To read the full briefing, click here:
- Portugal is getting ever closer to asking for a bail-out. Following the resignation of Prime Minister José Sócrates, after a series of austerity measures were voted down by Parliament, Portugal is now without a permanent government. Due to constitutional rules an election is not expected until the end of May.
- In 2011, the country needs to refinance 25% of its national wealth - in relative terms, this is even more than Greece. The country's borrowing cost has been above 7% for 38 consecutive days. Greece and Ireland lasted 13 and 15 days respectively at these kinds of rates before asking for a bail-out.
- We estimate that a bail-out package for Portugal would need to be between €60 and €70 billion. This should allow Portugal to cover all bond repayments as well as any government deficits for three years.
- However, a bail-out is unlikely to solve any of Portugal's fundamental problems. Both Ireland and Greece are already looking to renegotiate their bail-out terms. This illustrates that short term loans are simply not sufficient.
- Portugal's cost competitiveness relative to Germany has decreased by 21% since the introduction of the euro.
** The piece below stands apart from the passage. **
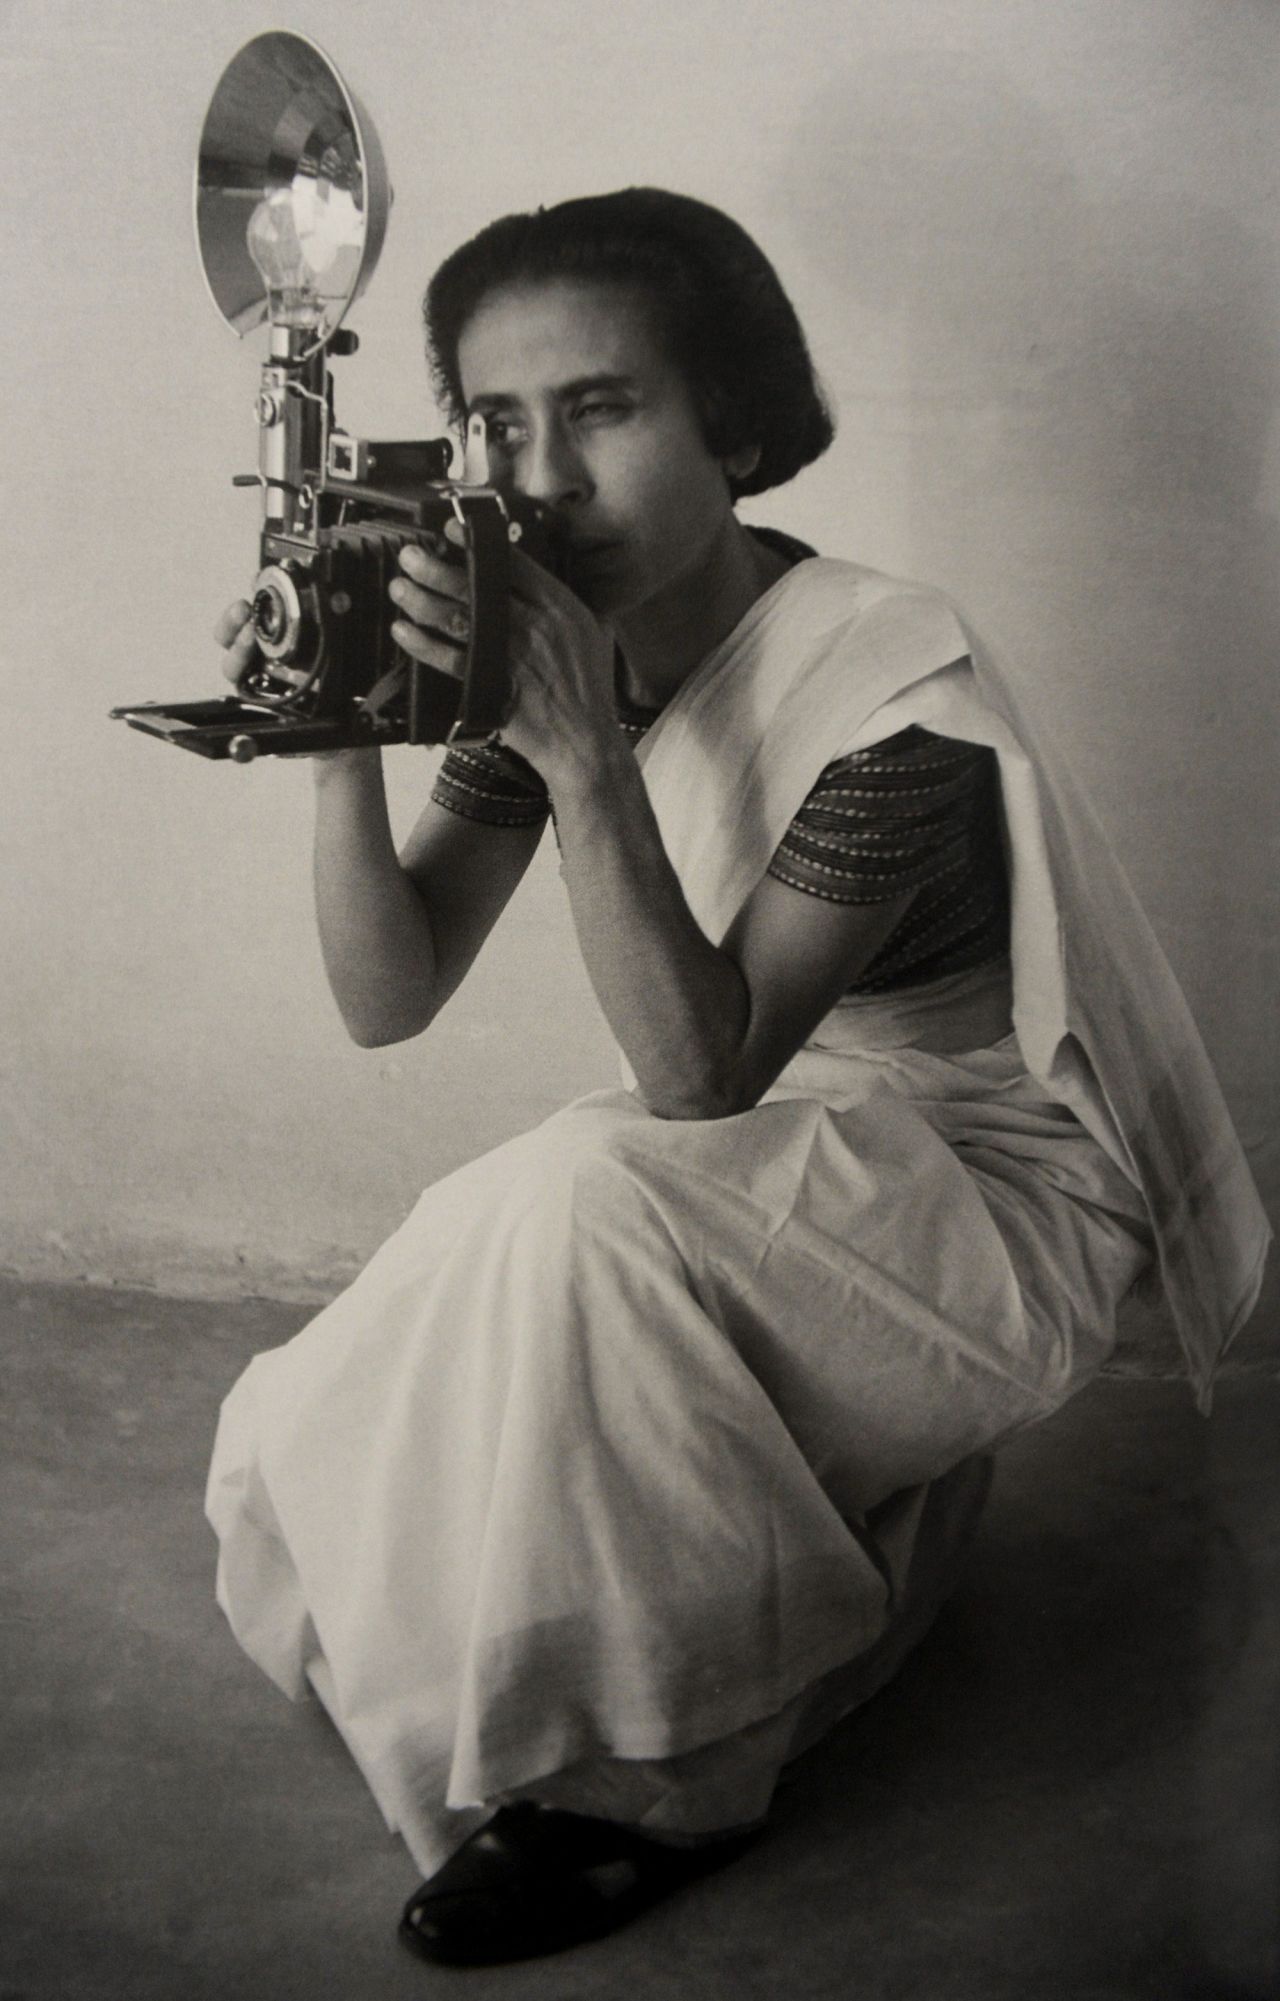 Homai Vyarawalla was India's first woman photojournalist. Her images documented her country, notably its struggle for independence, from the 1930s until the '70s. While working with the British Information Services, she photographed many of her country's leaders as well as visiting dignitaries. Many of her photos were published under a pseudonuym, Dalda 13. Later in life she was awarded Padma Vibhushan, India's second-highest civilian award.

An increase in ECB interest rates, which is widely expected next month, will also lead to a decrease in the availability of credit and domestic demand in Portugal. This could cause Portuguese GDP - already estimated to shrink by 1.4% in 2011- to contract further.
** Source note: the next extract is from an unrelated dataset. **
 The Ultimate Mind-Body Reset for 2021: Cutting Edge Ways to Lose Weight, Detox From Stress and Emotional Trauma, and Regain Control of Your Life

- Although we expect a bail-out, we believe a more viable solution would be to restructure some of Portugal's debt. In the long run this may prove cheaper despite a larger initial cost, since, unlike in the case of a bail-out, it would cut Portugal's debt rather than increase it. It would also reduce the burden on taxpayers, instead transferring more of it to investors. Crucially, the longer Portugal waits, the costlier a restructuring will be for the country, since its debt is expected to continue to build up over the next three years.
- In order for a restructuring not to spread contagion to Spain, it would be best to combine it with a limited bail-out, which would involve smaller contributions from member states, since more of the cost is borne by investors.
- The hope is that Portugal will use the cash and breathing space, freed up through a restructuring, to invest wisely in its own economy, including pushing through more economic reforms. However, the country will still be stuck with an over-valued currency, and the unanswered question of whether it can ever become competitive as long as it shares a currency with radically stronger economies such as Germany.